No sabemos el nombre del único soldado que sobrevive y logra escapar, arrojando su fusil en un arrebato de pánico. Nunca llegaremos a conocerlo muy bien. Se trata de Tommy (Fionn Whitehead), un muchacho muy joven, casi un adolescente, cuyo ingenio y energía trabajan desesperadamente para volver a casa, sin pensar en cosas como el deber o el heroísmo. No es un soldado, sino un joven atrapado en un matadero, luchando por no ser una víctima más. Su huida por las solitarias calles de Dunkerque será breve, pues desembocará en la playa, fundiéndose con una masa humana que espera un milagro. Nolan distribuye su contenido metraje (107 minutos) en tres escenarios: el espigón, el mar y el cielo. Cada escenario sirve de eje narrativo a un grupo de personajes. Alrededor del espigón se articulan las historias de Tommy, Gibson (Aneurin Barnard) y Alex (Harry Styles). Simples soldados, todos luchan por sobrevivir, olvidándose de su deber.
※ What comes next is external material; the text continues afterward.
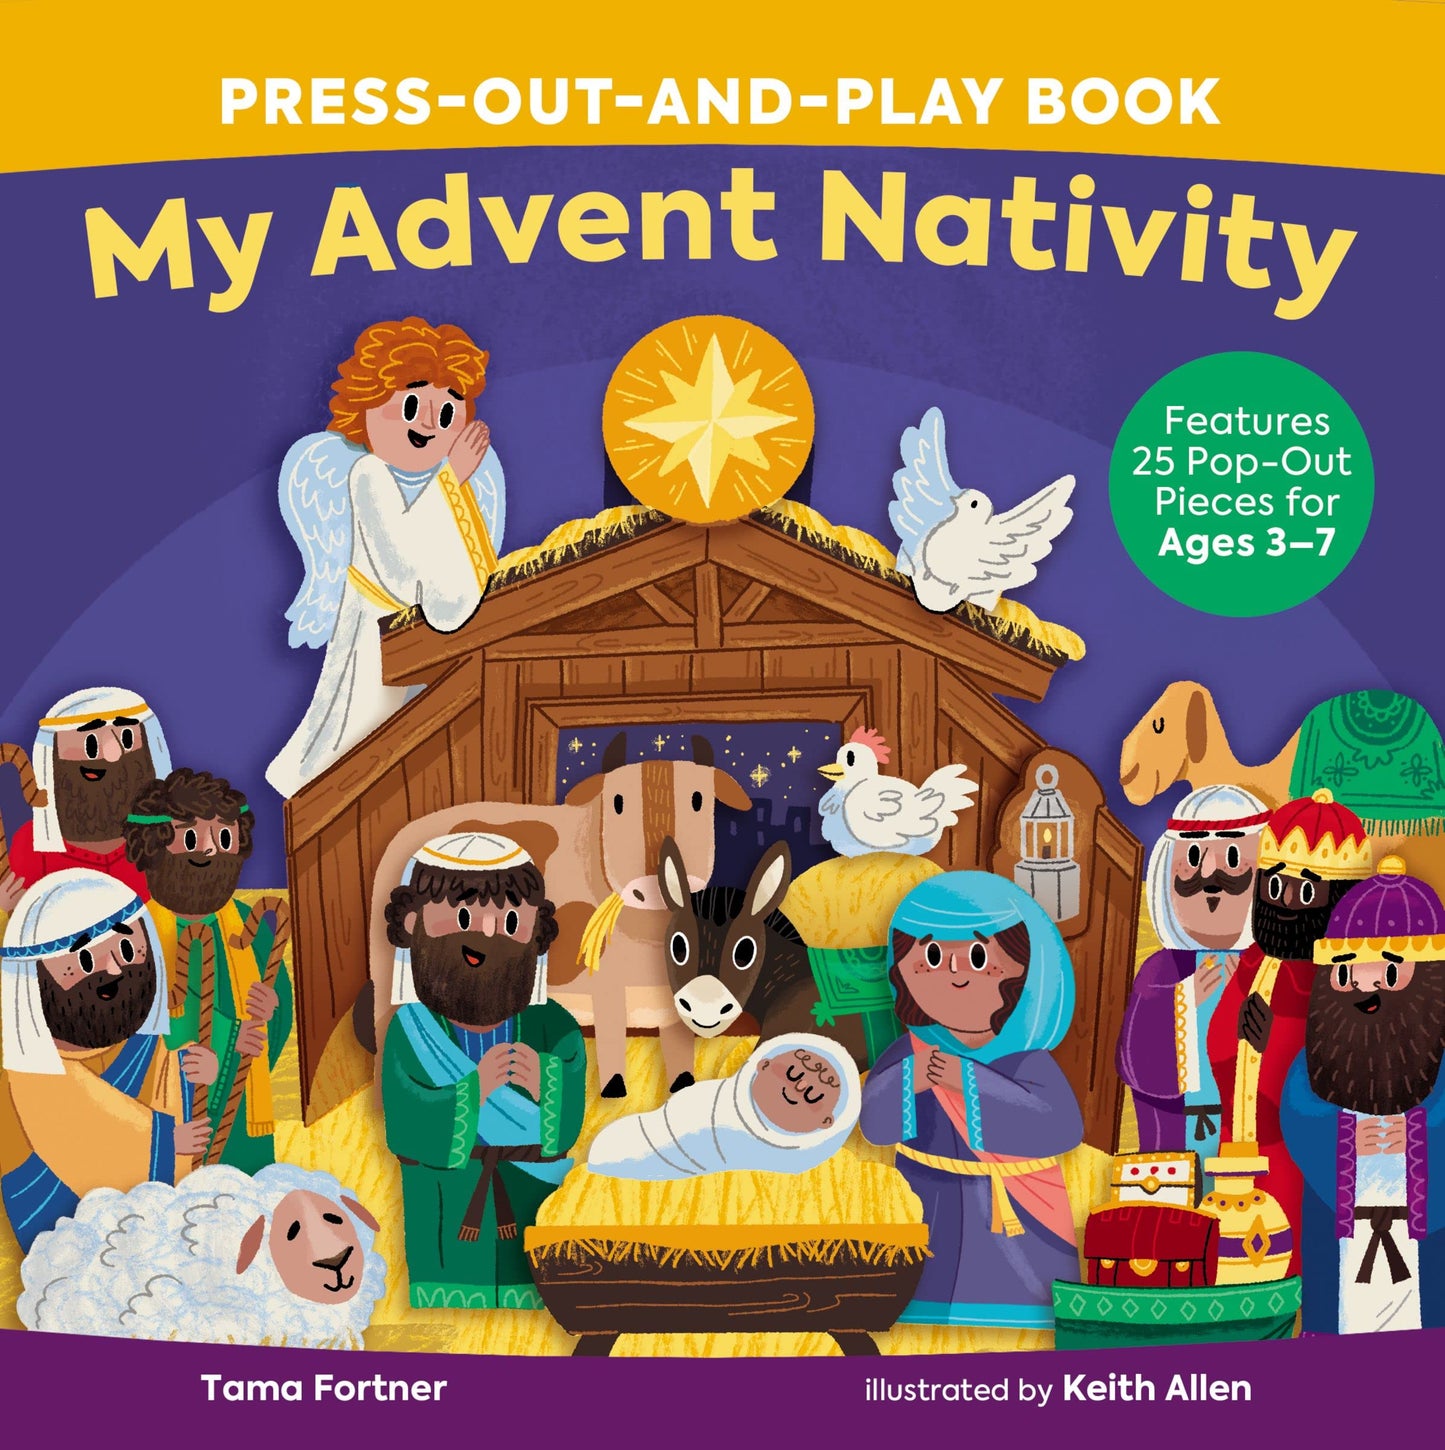 My Advent Nativity Press-Out-And-Play Book: Features 25 Pop-Out Pieces for Ages 3-7

A veces actúan con generosidad, ayudando a los heridos, pero cuando el peligro los coloca en una situación crítica, se vuelven egoístas y mezquinos. «La supervivencia es sucia e injusta. Y se trata de sobrevivir», exclama Alex, dispuesto a sacrificar la vida de alguno de sus camaradas para incrementar sus posibilidades de salir indemne. Se ha dicho que son personajes planos, escasamente elaborados. Es cierto. Todos son muchachos corrientes, sin nada extraordinario, pero esa indefinición abre un hueco donde puede instalarse fácilmente el espectador, experimentando su angustia, vulnerabilidad e impotencia. Apenas hay diálogos. No sabemos nada de su pasado, ni de sus ilusiones, pero están ahí, con los ojos encendidos por el miedo y el rostro ensombrecido, casi avejentado. Cuando el peligro se desvanece, ya no son los mismos. El breve alivio se convierte en vergüenza. Y la expectativa de volver al frente les muestra claramente que sólo han esquivado la muerte de forma temporal, pues pronto volverán a vivir situaciones similares.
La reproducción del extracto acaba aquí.